● Data extract:
__________________________________________________

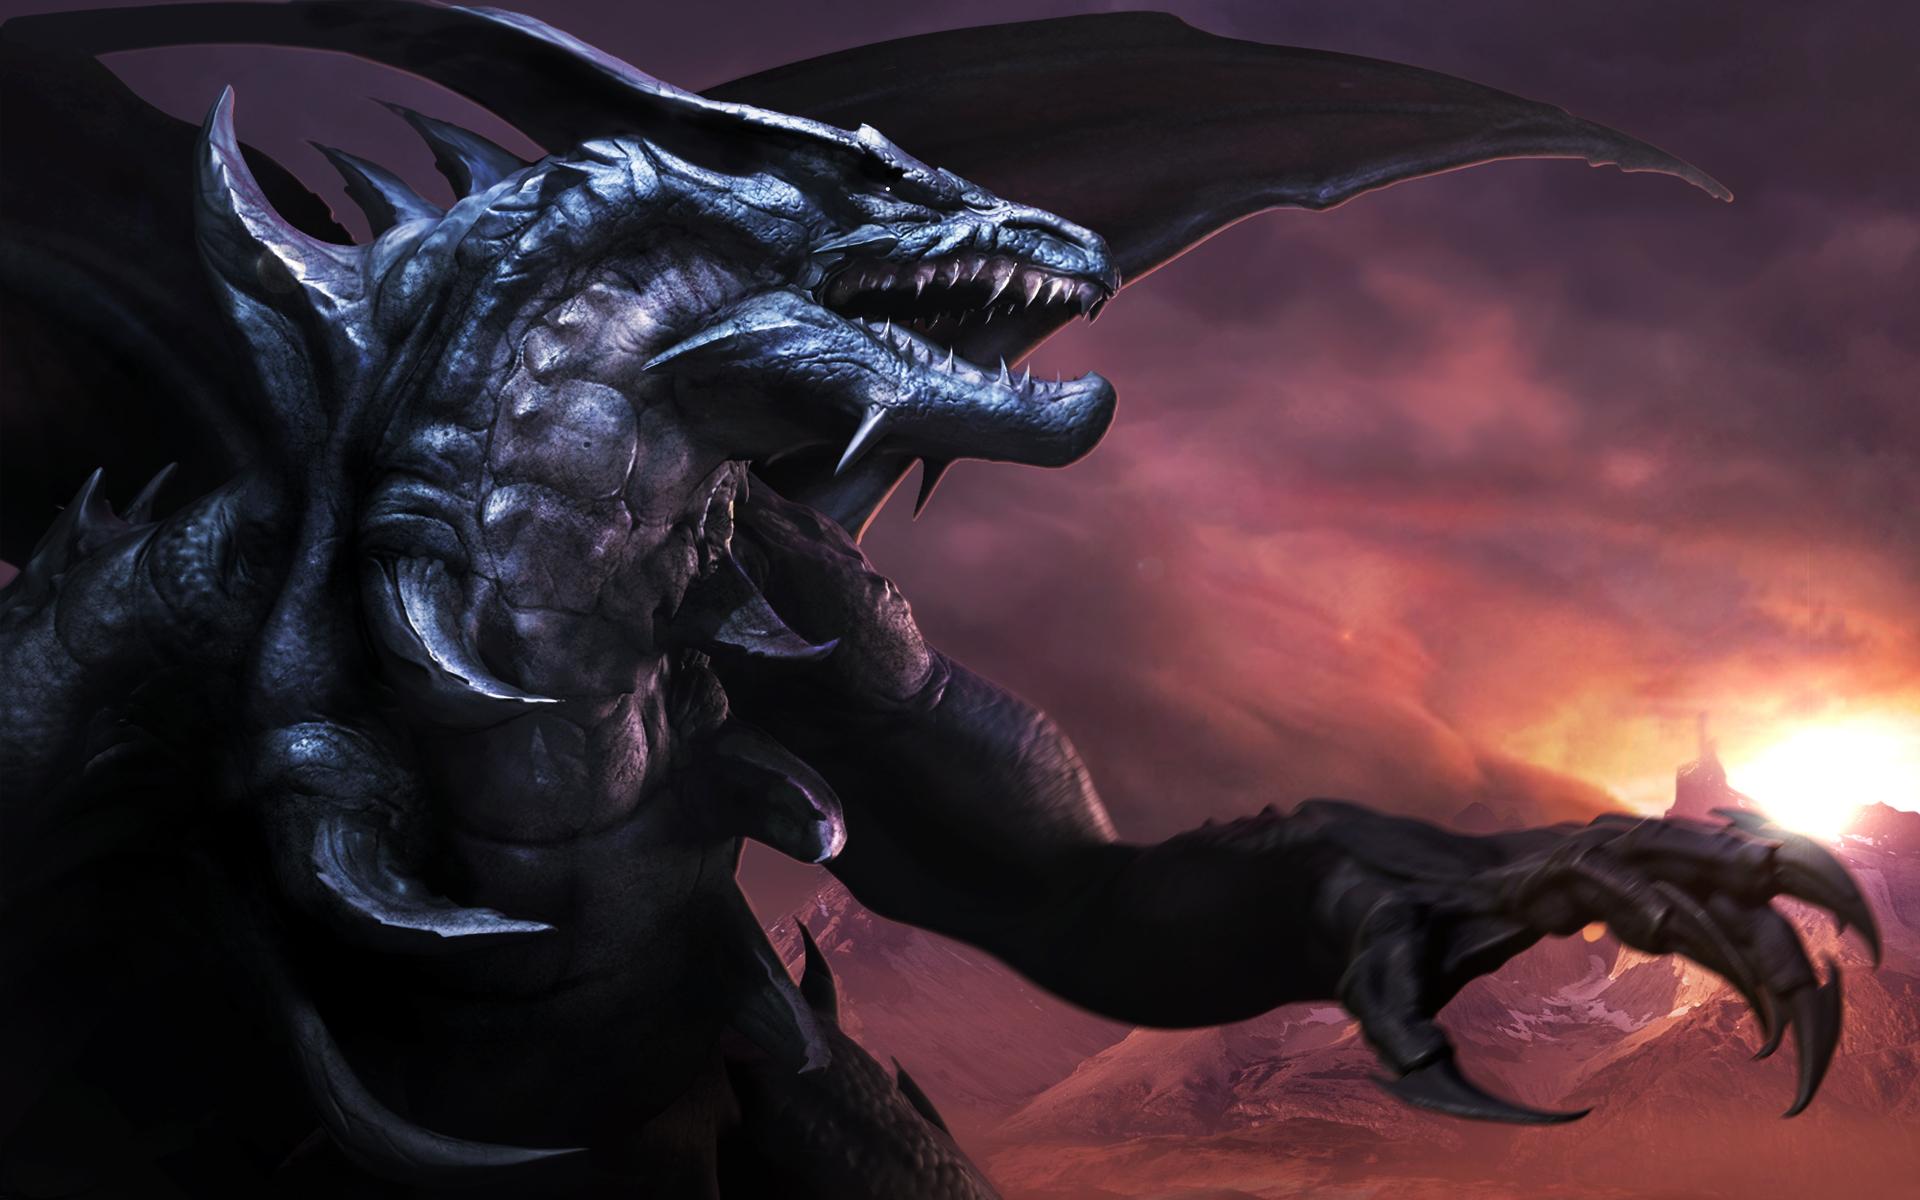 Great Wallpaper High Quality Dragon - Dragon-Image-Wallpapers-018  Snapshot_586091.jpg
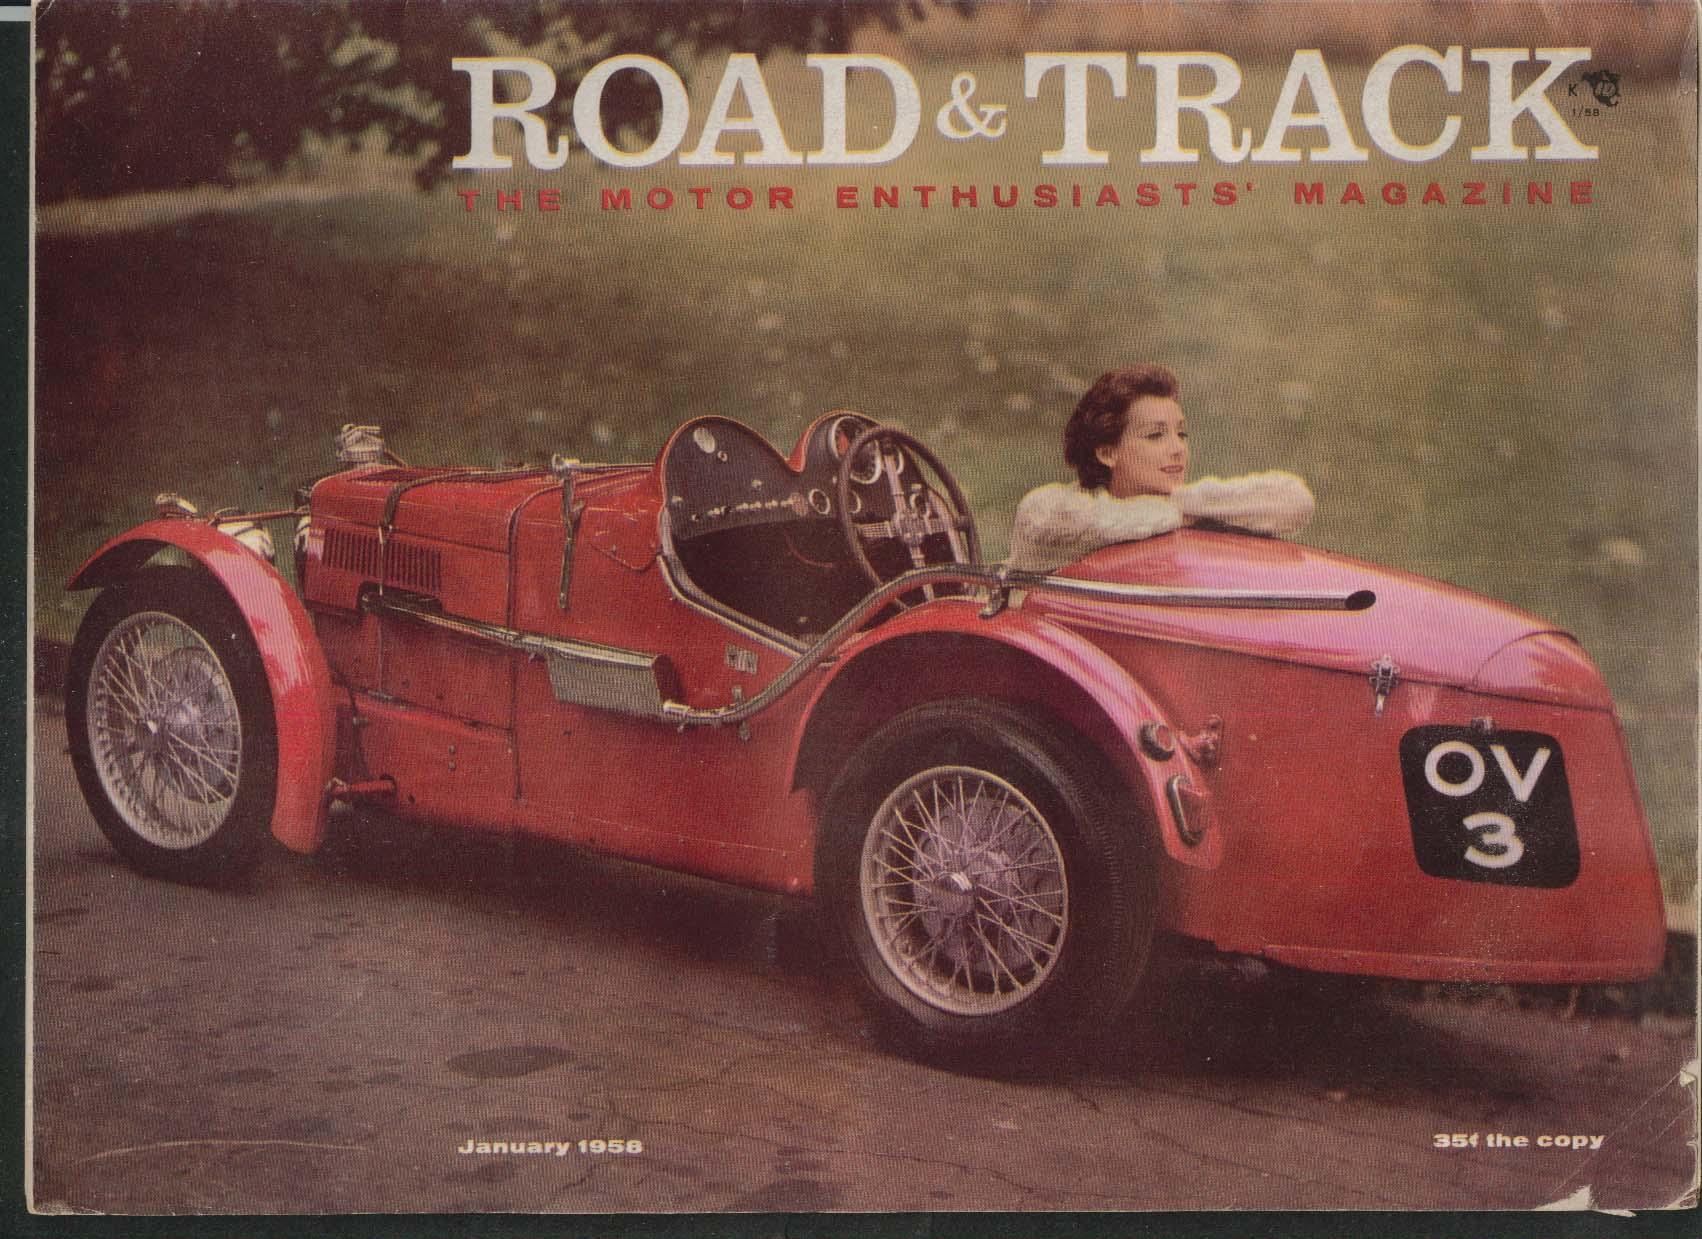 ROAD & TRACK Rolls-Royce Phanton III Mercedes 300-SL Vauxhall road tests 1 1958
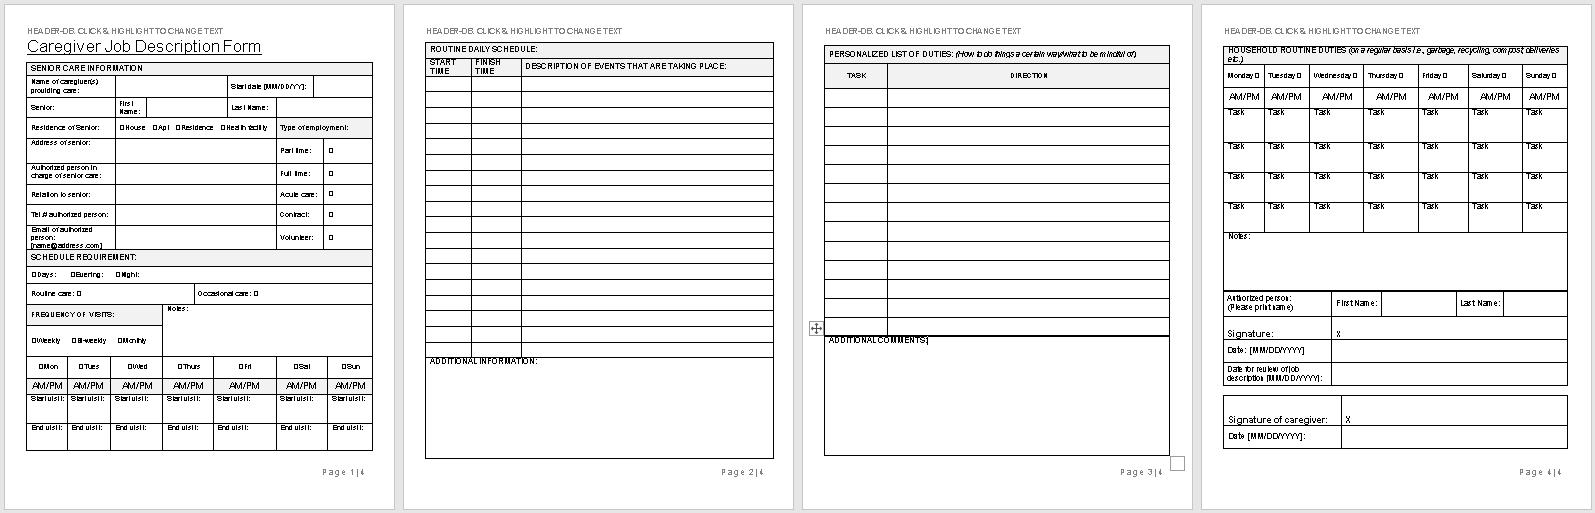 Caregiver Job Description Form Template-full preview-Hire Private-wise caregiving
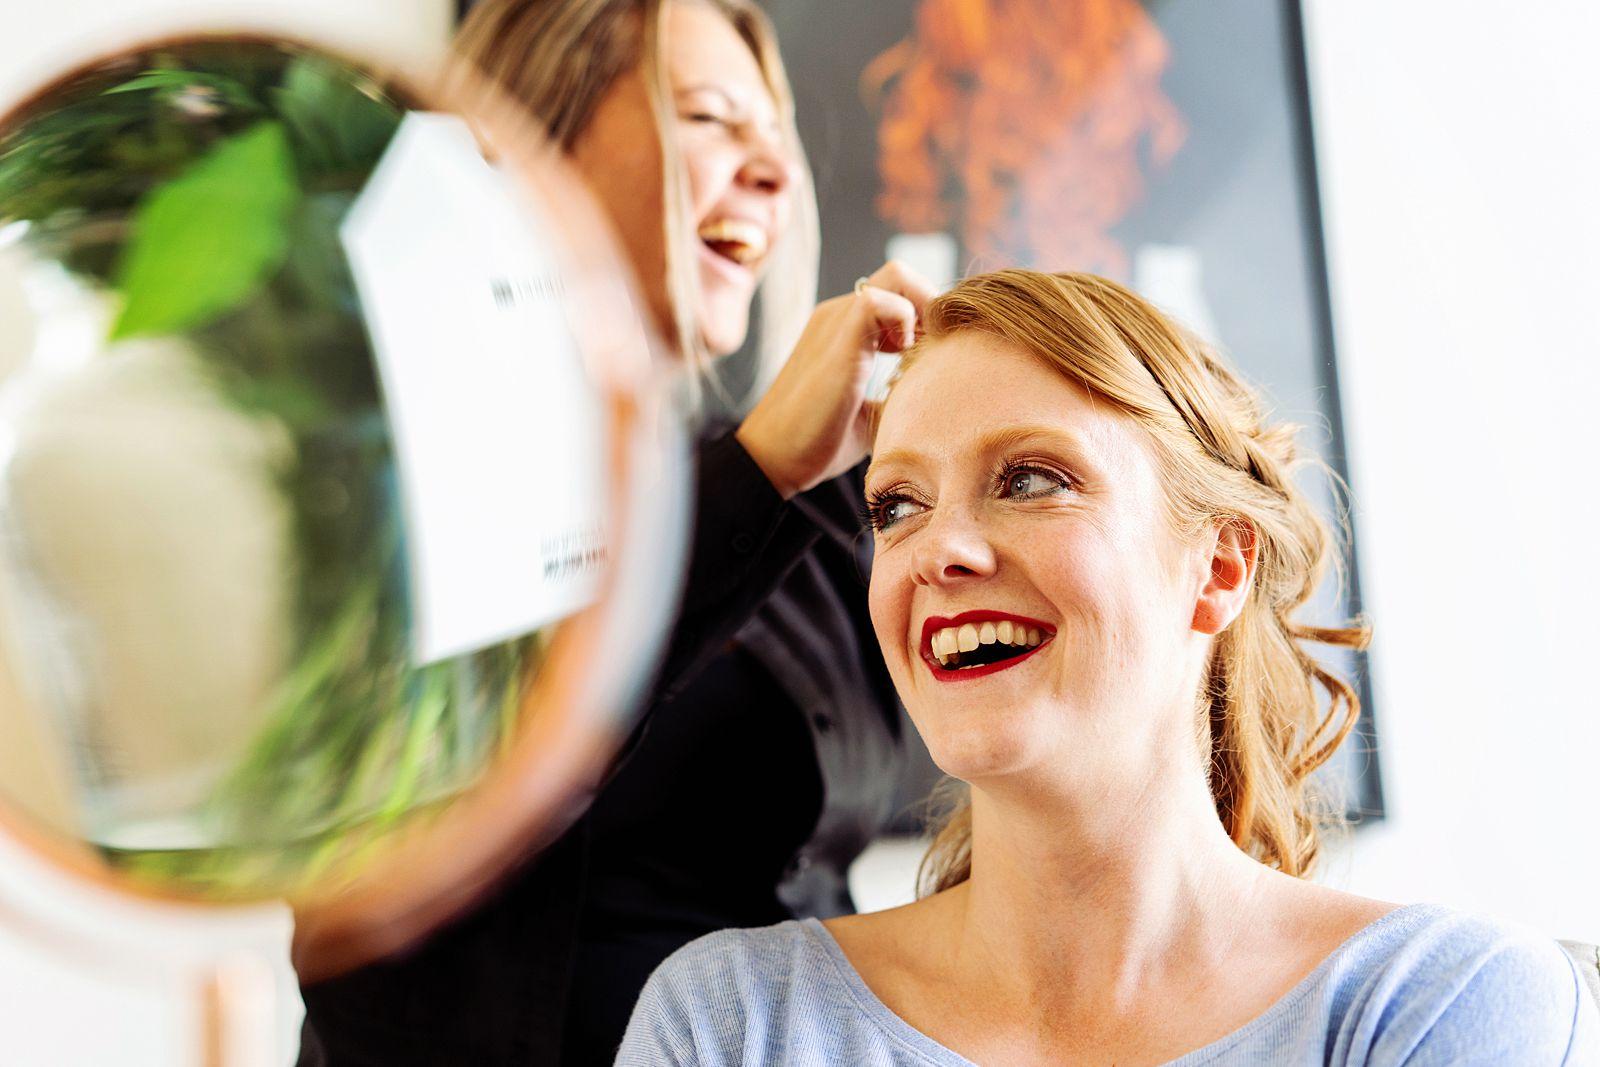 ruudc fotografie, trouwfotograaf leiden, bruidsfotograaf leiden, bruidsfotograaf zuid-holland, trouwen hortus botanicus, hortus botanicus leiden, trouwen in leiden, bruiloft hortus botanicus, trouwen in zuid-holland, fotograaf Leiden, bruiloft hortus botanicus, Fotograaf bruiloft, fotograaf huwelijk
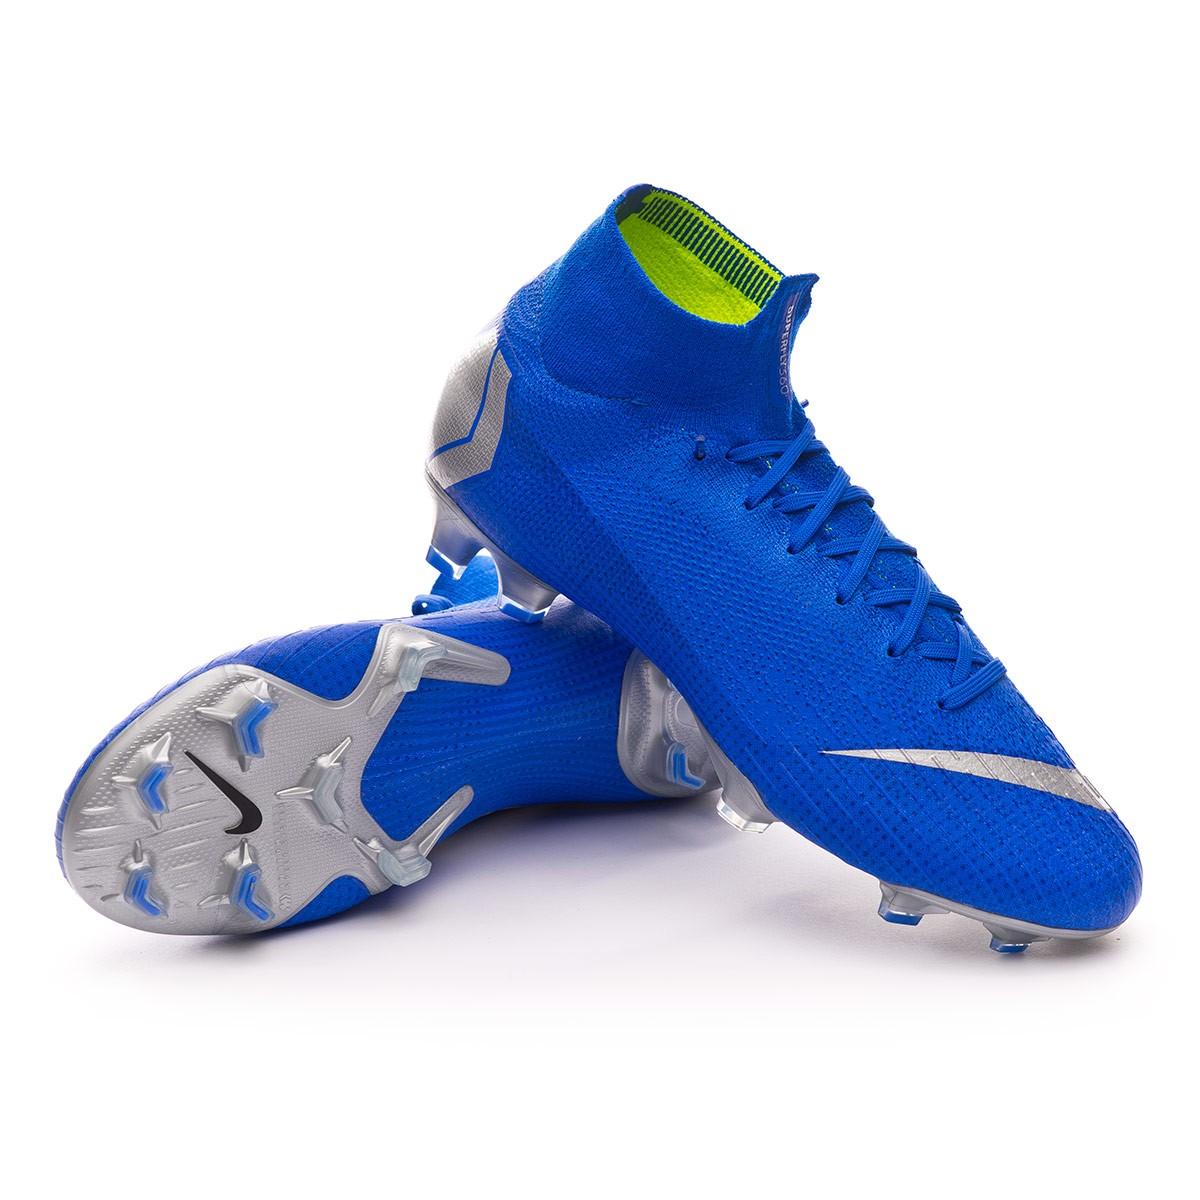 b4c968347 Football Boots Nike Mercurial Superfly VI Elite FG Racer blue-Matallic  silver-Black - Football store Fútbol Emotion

__________________________________________________

For this exercise, transcribe the data above line by line, exactly, with pictures omitted.

● Result of this task:
 Great Wallpaper High Quality Dragon - Dragon-Image-Wallpapers-018  Snapshot_586091.jpg
 ROAD & TRACK Rolls-Royce Phanton III Mercedes 300-SL Vauxhall road tests 1 1958
 Caregiver Job Description Form Template-full preview-Hire Private-wise caregiving
 ruudc fotografie, trouwfotograaf leiden, bruidsfotograaf leiden, bruidsfotograaf zuid-holland, trouwen hortus botanicus, hortus botanicus leiden, trouwen in leiden, bruiloft hortus botanicus, trouwen in zuid-holland, fotograaf Leiden, bruiloft hortus botanicus, Fotograaf bruiloft, fotograaf huwelijk
 b4c968347 Football Boots Nike Mercurial Superfly VI Elite FG Racer blue-Matallic  silver-Black - Football store Fútbol Emotion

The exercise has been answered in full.